Ultraschall

Wenn Strom in hochfrequente Schallwellen umgewandelt wird, entsteht der so genannte Ultraschall. In der Tierwelt wird er z.B. bei den Fledermäusen zur Orientierung verwendet. Schall ist normalerweise für das menschliche Ohr hörbar. Ultraschall jedoch nicht, da sich die Schallwellen oberhalb des hörbaren Frequenzbereiches bewegen.

In der Medizin dient die Ultraschall-Untersuchung der bildlichen Darstellung verschiedener Körperregionen.

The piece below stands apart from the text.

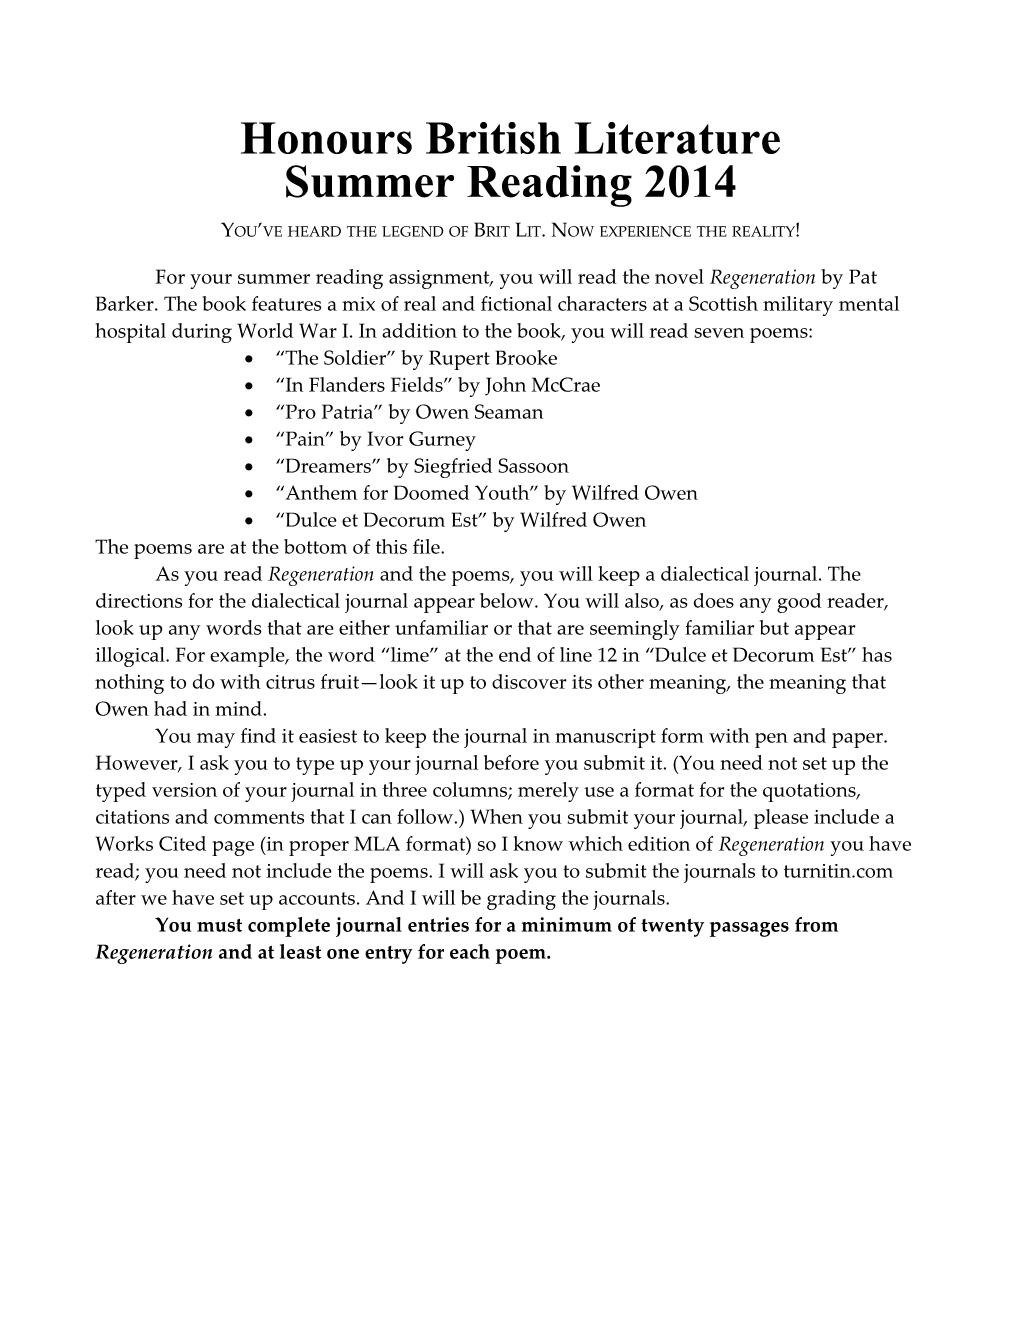 Honours British Literature Summer Reading 2014

Speziell in der Physiotherapie werden die mechanischen Schwingungen (Vibrationen) zu therapeutischen Zwecken genutzt.

In Flüssigkeiten und weichem Gewebe erfolgt die Auslenkung der schwingenden Teilchen parallel und es entsteht eine Mikrovibrationsmassage. Dazu wird ein Schallkopf kreisend über der erkrankten Region bewegt.
 

Ultraschallgerät

Die Wirkung ist eine gemäßigte Durchblutungsförderung mit verbessertem Zellstoffwechsel. Vorteilhaft beim Ultraschall ist seine große Tiefenwirkung. Anders als bei Verfahren wie der Kurz- oder Mikrowelle ist dies ohne wesentliche Temperaturerhöhung zu erzielen. Dadurch ist Ultraschall auch gut bei akuten Prozessen anwendbar, ohne dass die Gefahr besteht, die Heilungsentzündung „anzuheizen“. Außerdem wird die Schmerzschwelle angehoben und Verletzungen des Bindegewebes können schneller heilen.

Eingesetzt wird die Ultraschalltherapie deshalb insbesondere bei Muskel-, Sehen- und Knochenreizungen oder -verletzungen. Zudem wirkt Ultraschall lindernd und wohltuend bei schmerzhaftem Lenden- oder Halswirbelsäulensyndrom.